**DIRECTIONS FOR THIS TASK:** When you copy the data that follows, reproduce every word exactly and leave out the images.
SUPPLIED MATERIAL START
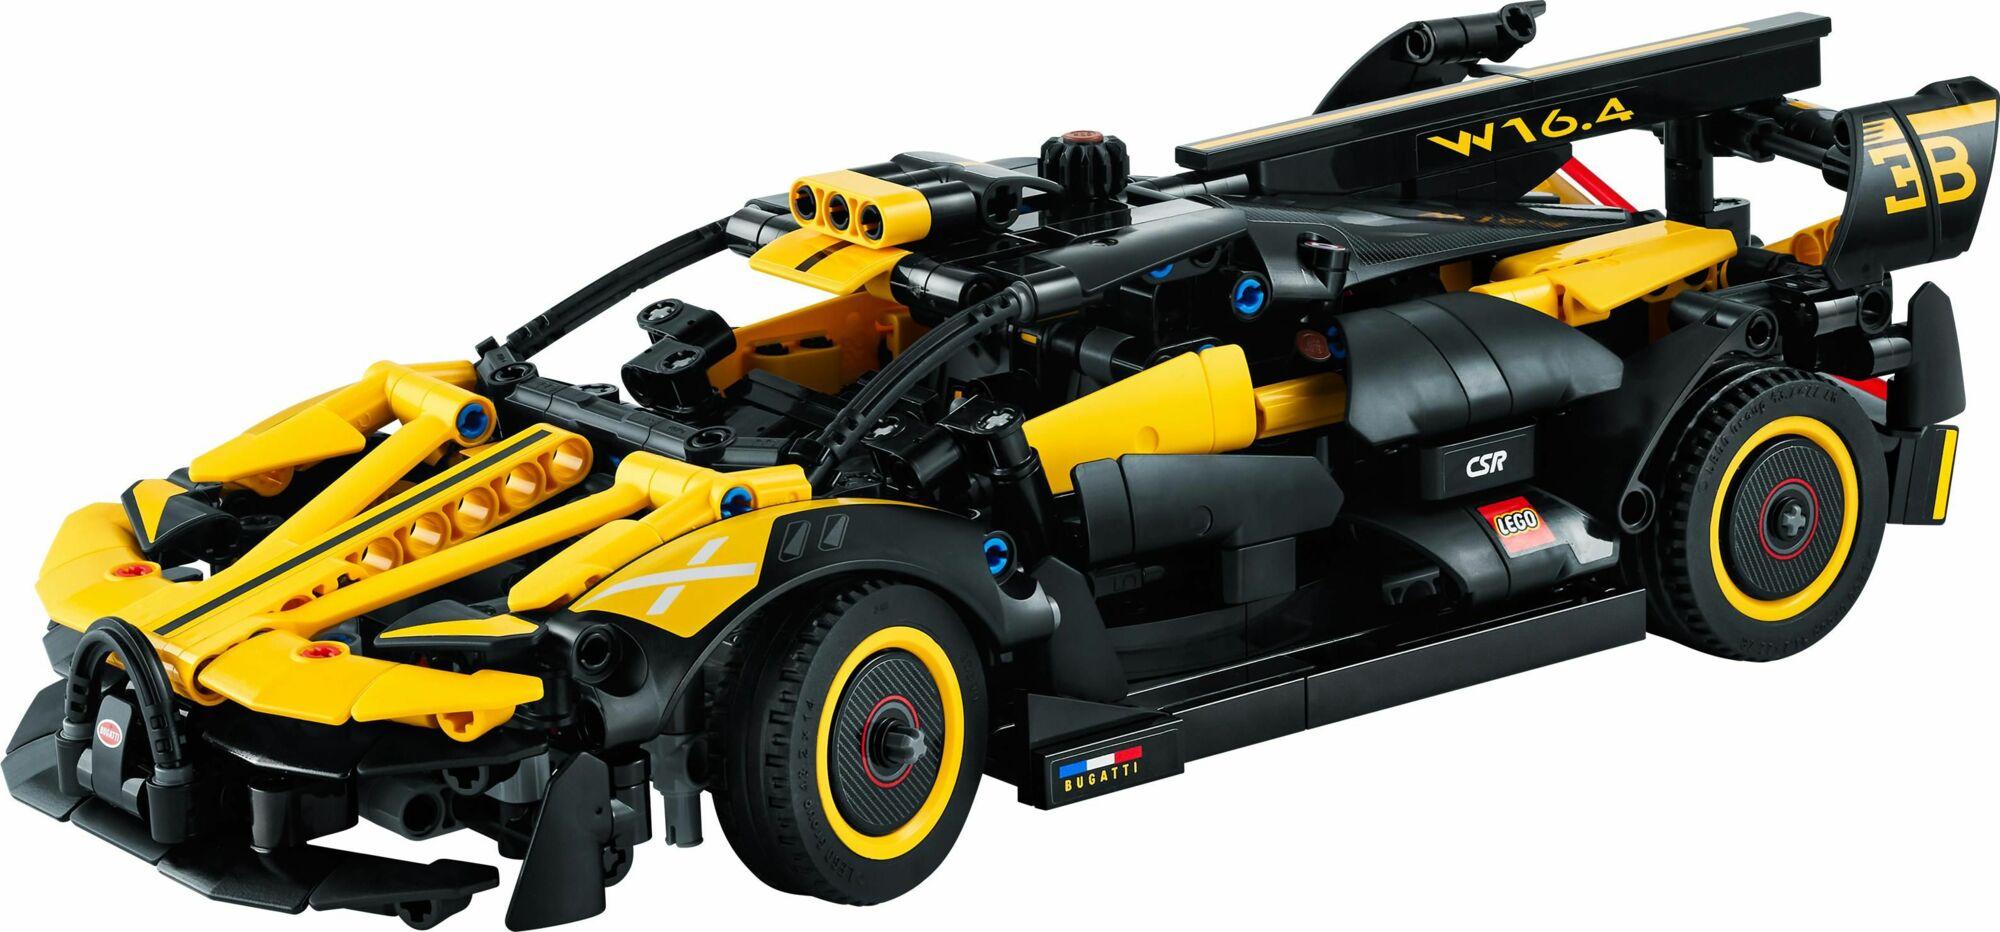 LEGO 42151 TECHNIC BUGATTI BOLIDE
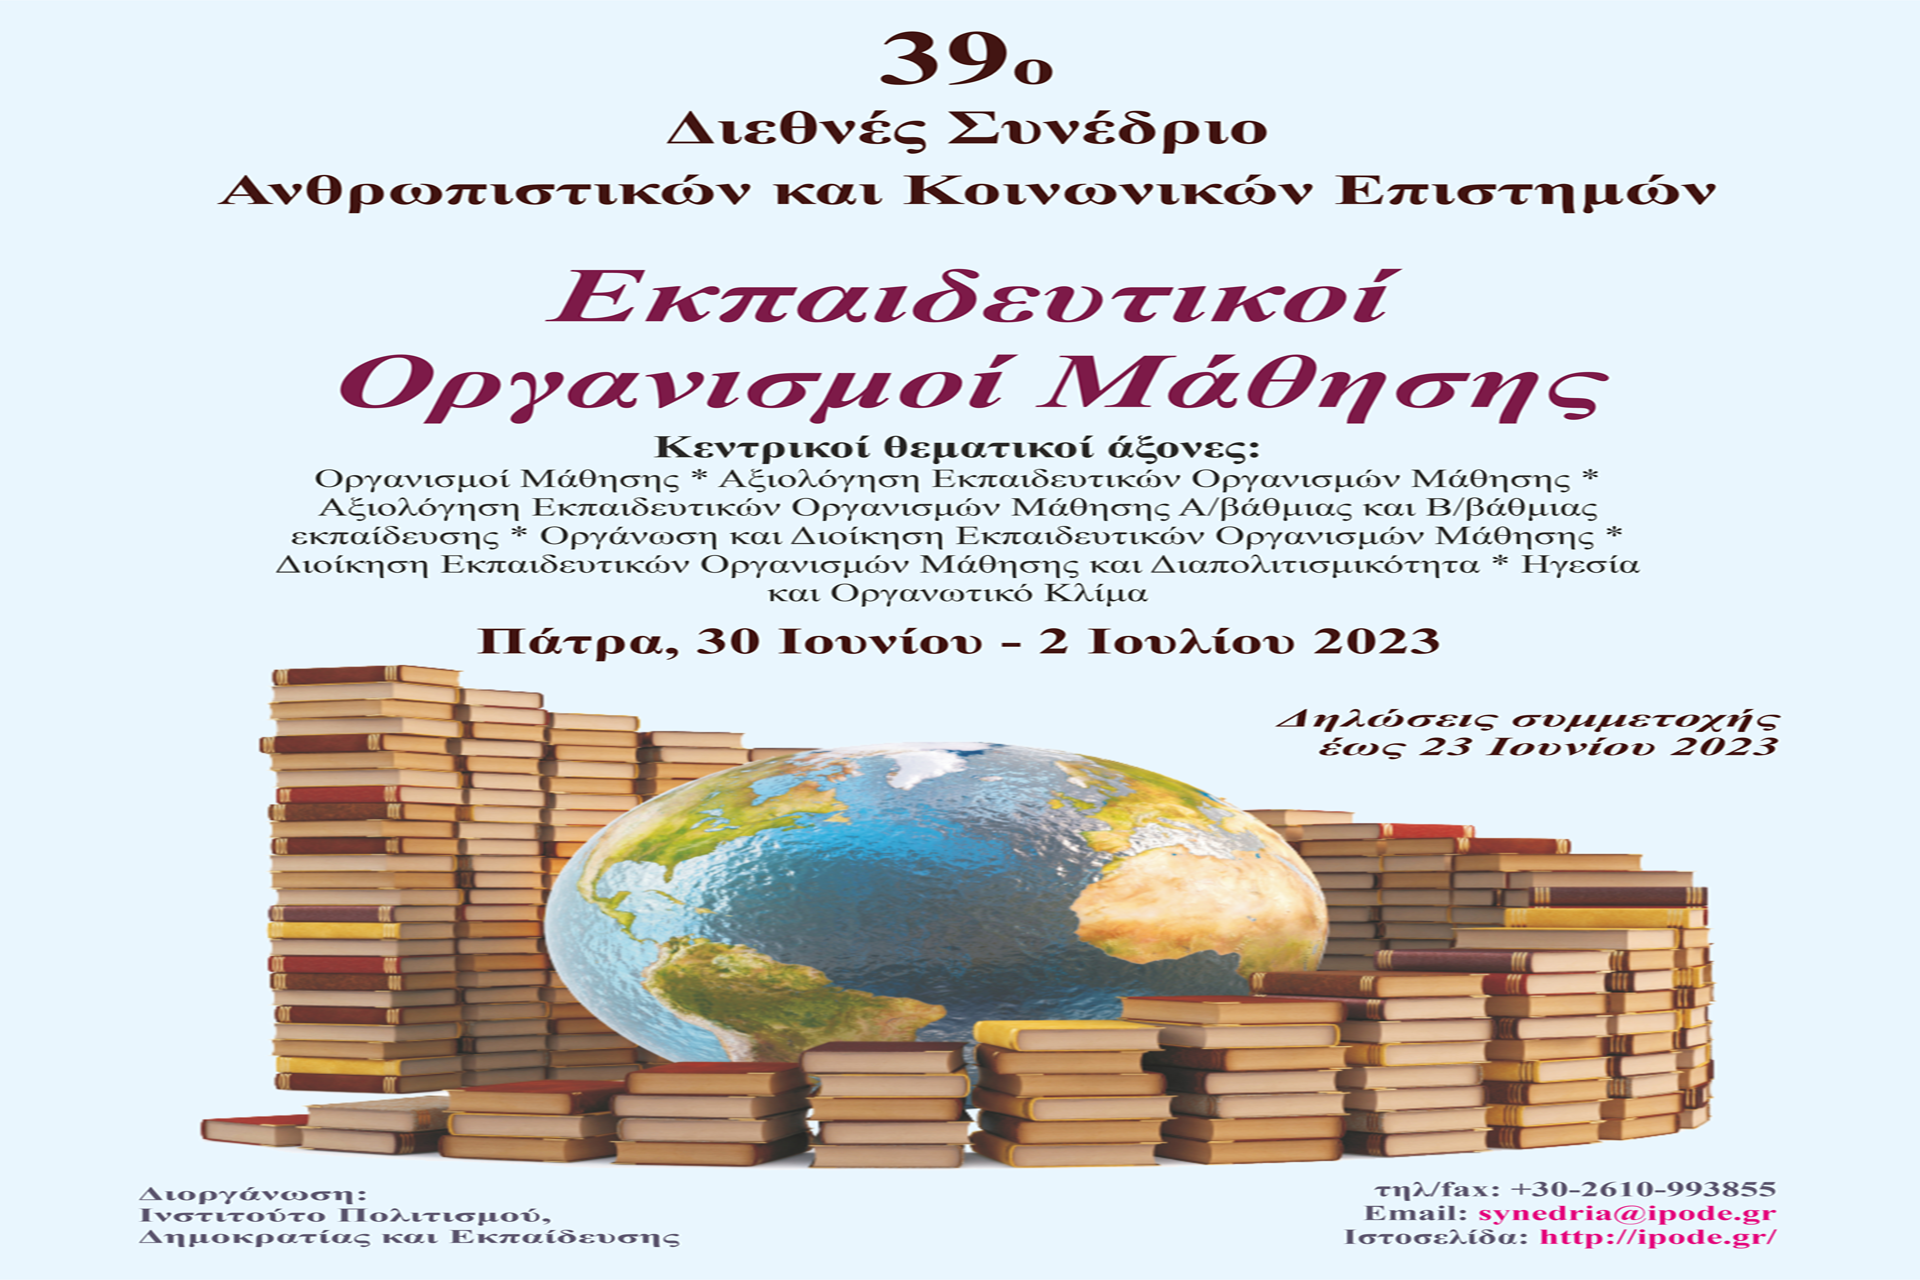 39ο Διεθνές Συνέδριο με θέμα «Εκπαιδευτικοί οργανισμοί μάθησης»
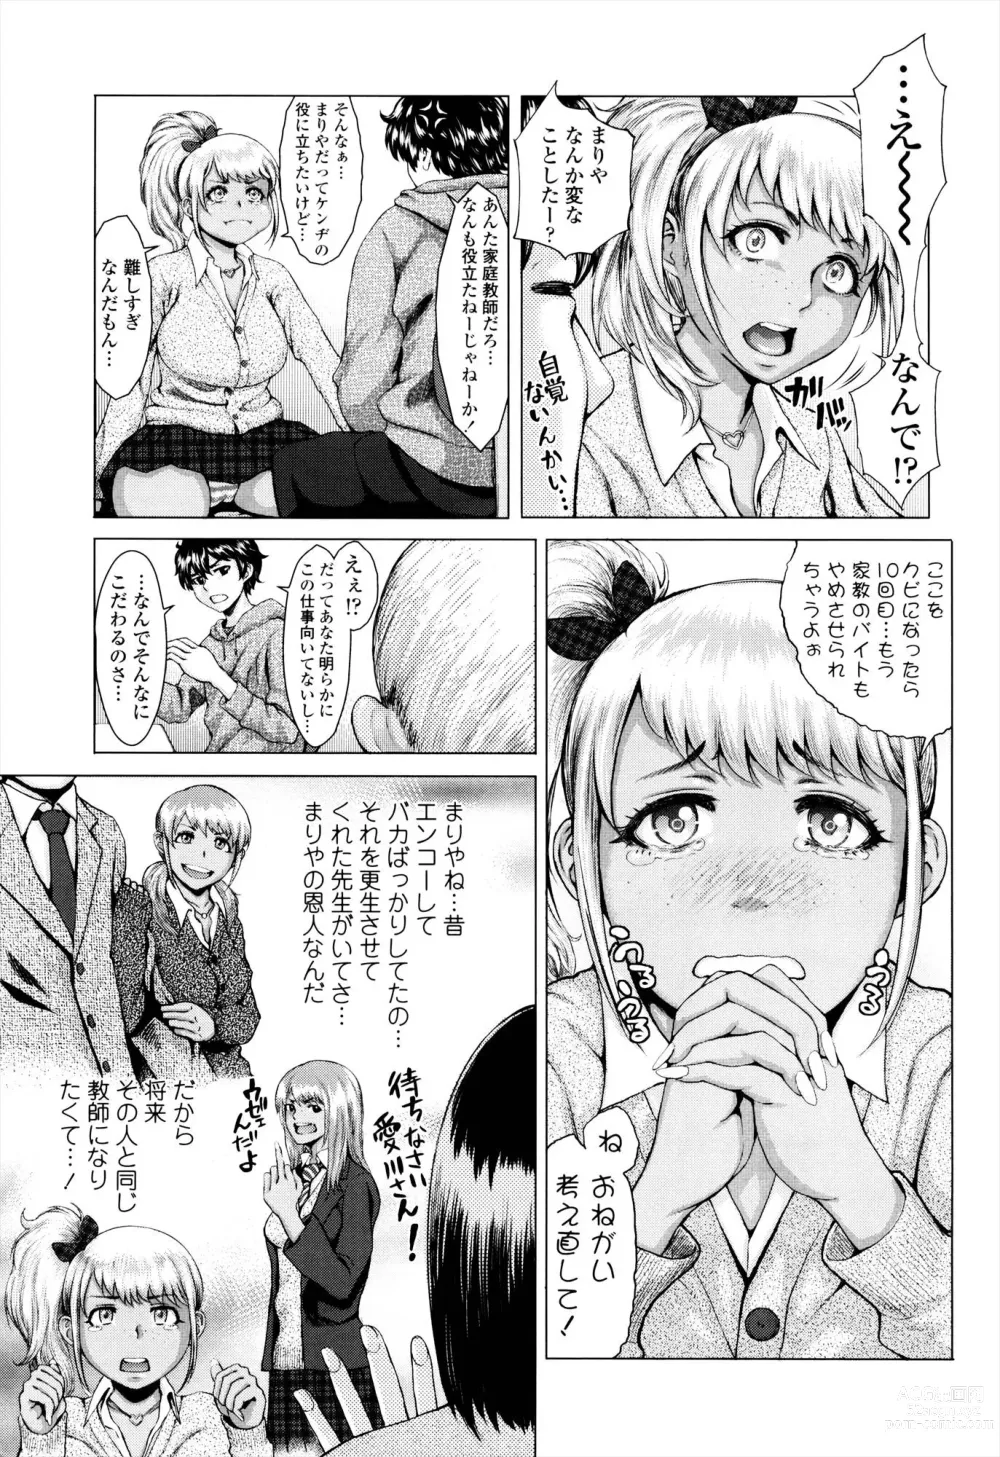 Page 7 of manga Se-Syun Sakari
SUPPLIED MATERIAL END
**REPLY:**
 LEGO 42151 TECHNIC BUGATTI BOLIDE
 39ο Διεθνές Συνέδριο με θέμα «Εκπαιδευτικοί οργανισμοί μάθησης»
 Page 7 of manga Se-Syun Sakari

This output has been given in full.